The current study is the first to test if the supplementation of royal jelly as an antioxidant agent during IVM culture of goat COCs could be beneficial. After culture, nuclear maturation, glutathione content, preimplantation development, and the expression profile of apoptosis-related transcripts were examined.

Materials and Methods

Chemicals and media

Unless otherwise mentioned, all the chemicals, reagents, media, and constituents used for media preparation were purchased from Sigma-Aldrich Chemicals, USA. Capsulated pure royal jelly was provided by Natural LifeTM (Brookvale, NSW, Australia). According to manufacturer’s reports, the chemical composition was water 1.6% (w/w), proteins 40.1% (w/w), carbohydrates 47.3% (w/w), lipids 7.9% (w/w), ashes 3.1% (w/w), sodium 36.3 mg/100 g, phosphorus 672 mg/100 g, calcium 19.5 mg/100 g, magnesium 90.9 mg/100 g, zinc 6.8 mg/100 g, iron 3.0 mg/100 g, and free amino acids 1583 mg/100 g.

COC collection and IVM

Goat ovaries were collected from a local slaughterhouse and transported in physiological saline containing antibiotics (100 IU/ml penicillin and 100 mg/ml streptomycin) at 35°C to the lab within 2-3 h. COCs were collected by slicing the ovaries in HEPES-buffered synthetic oviductal fluid (HSOF). The COCs were morphologically selected based on the number of cumulus cell layers and cytoplasm homogeneity ( Mohammadi-Sangcheshmeh et al., 2012 ). The collected COCs were washed three times in maturation medium (TCM-199 supplemented with 2 mM l-glutamine, 10% fetal bovine serum, 5.5 mg/ml sodium pyruvate, 25 μg/ml gentamycin sulphate, 5.0 μg/ml LH, 0.5 μg/ml FSH, and 1 μg/ml estradiol). IVM was performed in 50 μl maturation medium droplets under mineral oil for 24 h at 39°C and 5% CO2 in air.

Evaluation of cumulus expansion

COCs from all treatment groups were evaluated at the end of IVM to assess cumulus cell expansion. Briefly, cumulus expansion was evaluated by a subjective scoring system ( Lorenzo et al., 1994 ), which considered no detectable response set as (0) value and highest degree of expansion as (+++).
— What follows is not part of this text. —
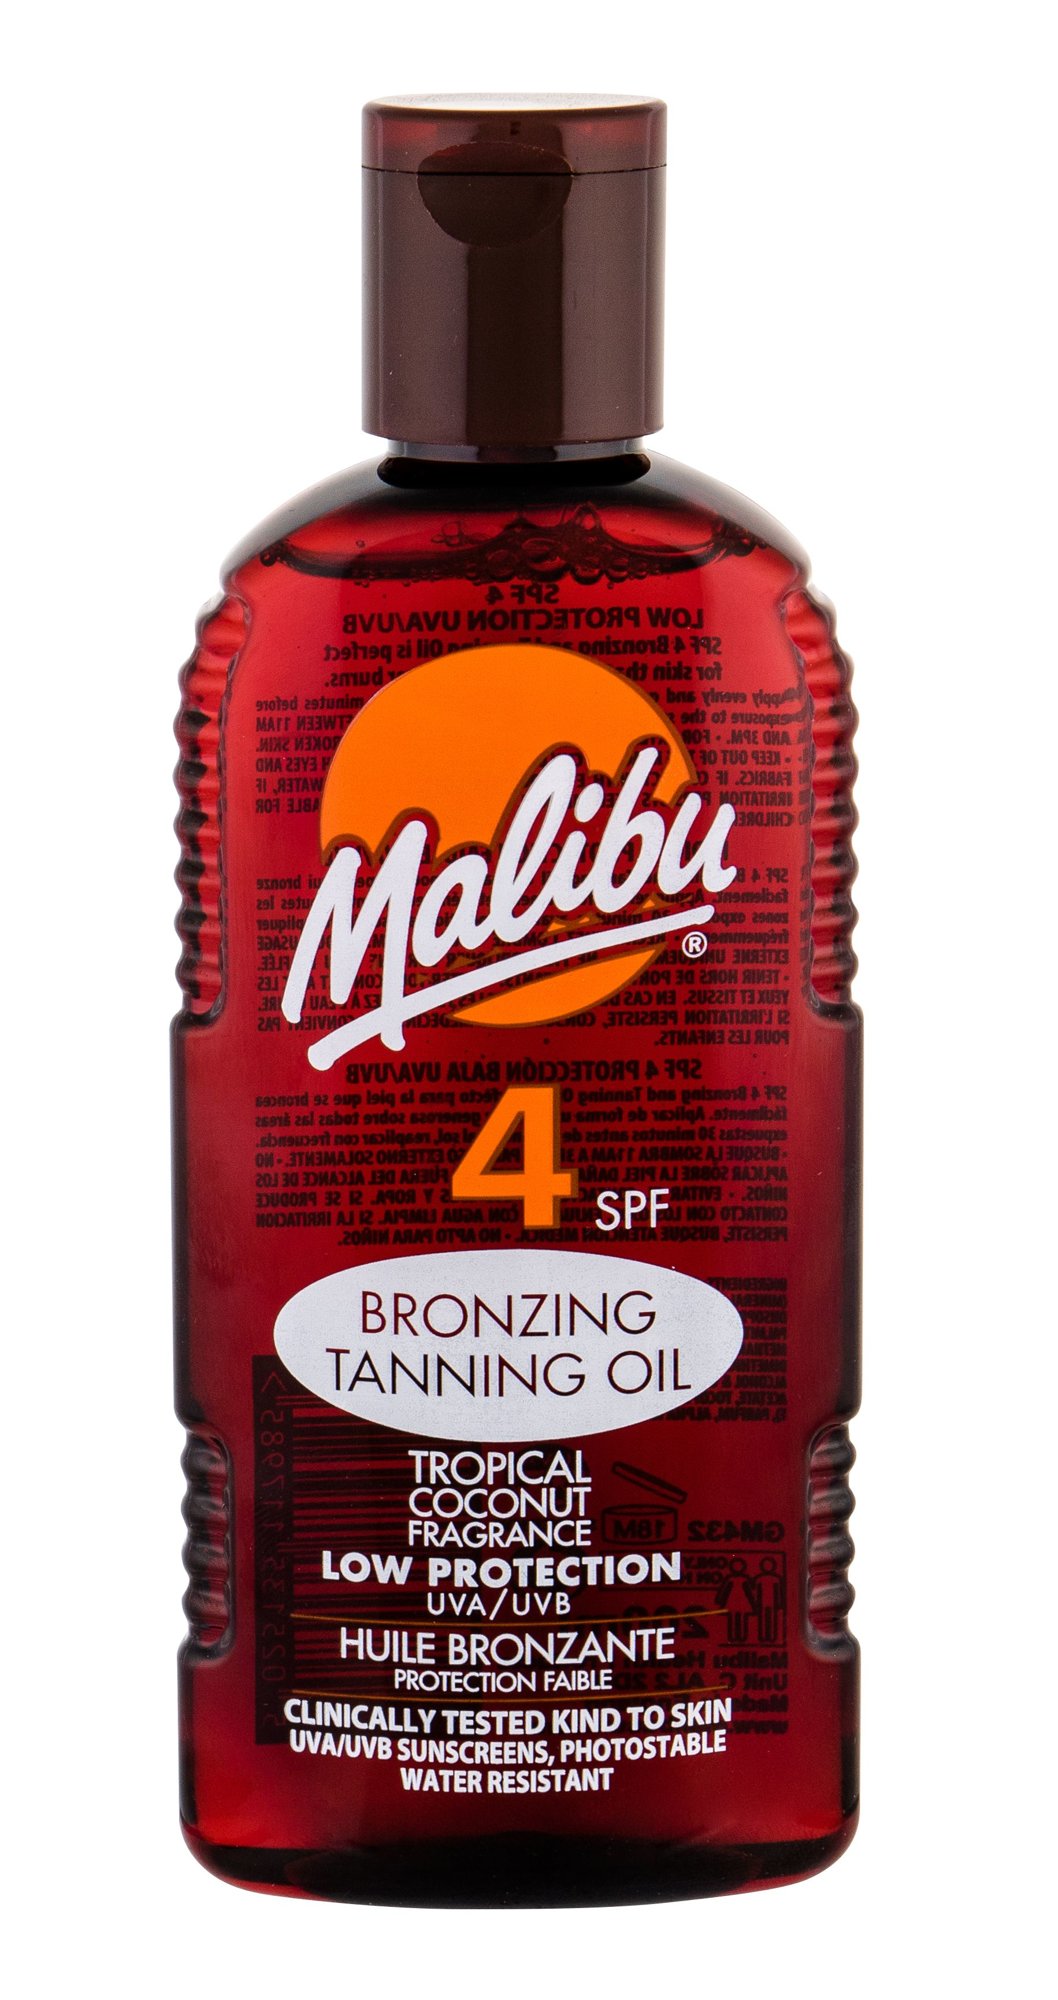 Malibu Bronzing Tanning Oil
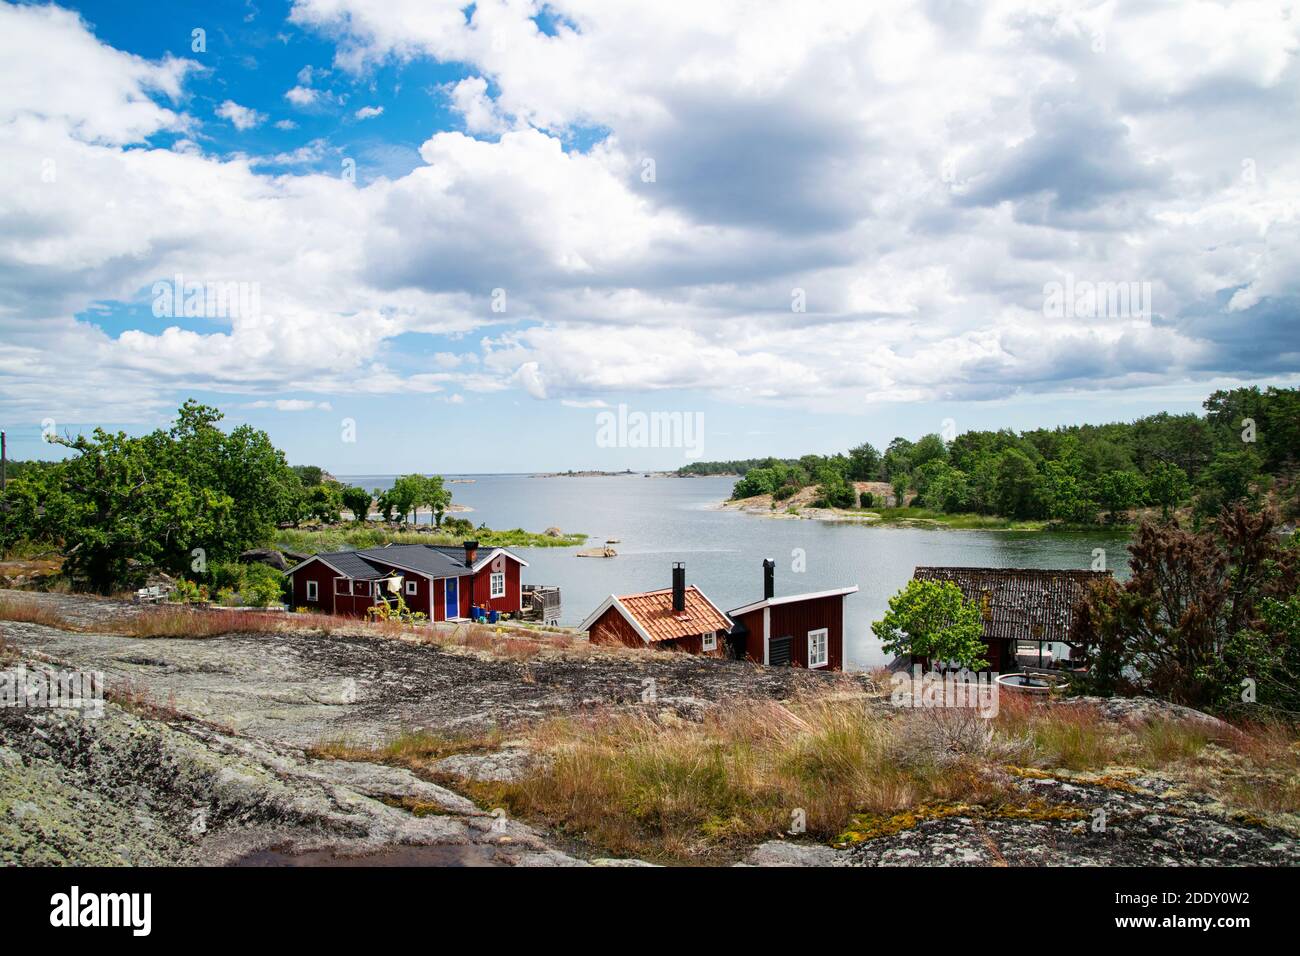 Schöner Sommertag im Archipel. Eine sehr malerische Aussicht mit roten Sommerferienhäusern direkt am Meer auf der Insel. Foto aufgenommen in Schweden. Stockfoto

Nuclear chromatin evaluation

For nuclear maturation assessment, cumulus cells were removed from COCs by pipetting in presence of hyaluronidase (200 U/ml). Denuded oocytes were fixed in 4% (v/v) paraformaldehyde in PBS. Oocytes were stained with 2.5 mg/ml Hoechst 33258 in 3:1 (v/v) glycerol/PBS. Oocytes were then evaluated in relation to their meiotic stage and classified as germinal vesicle (GV); metaphase I (MI), including metaphase I, anaphase I, and telophase I; metaphase II (MII); and degenerated.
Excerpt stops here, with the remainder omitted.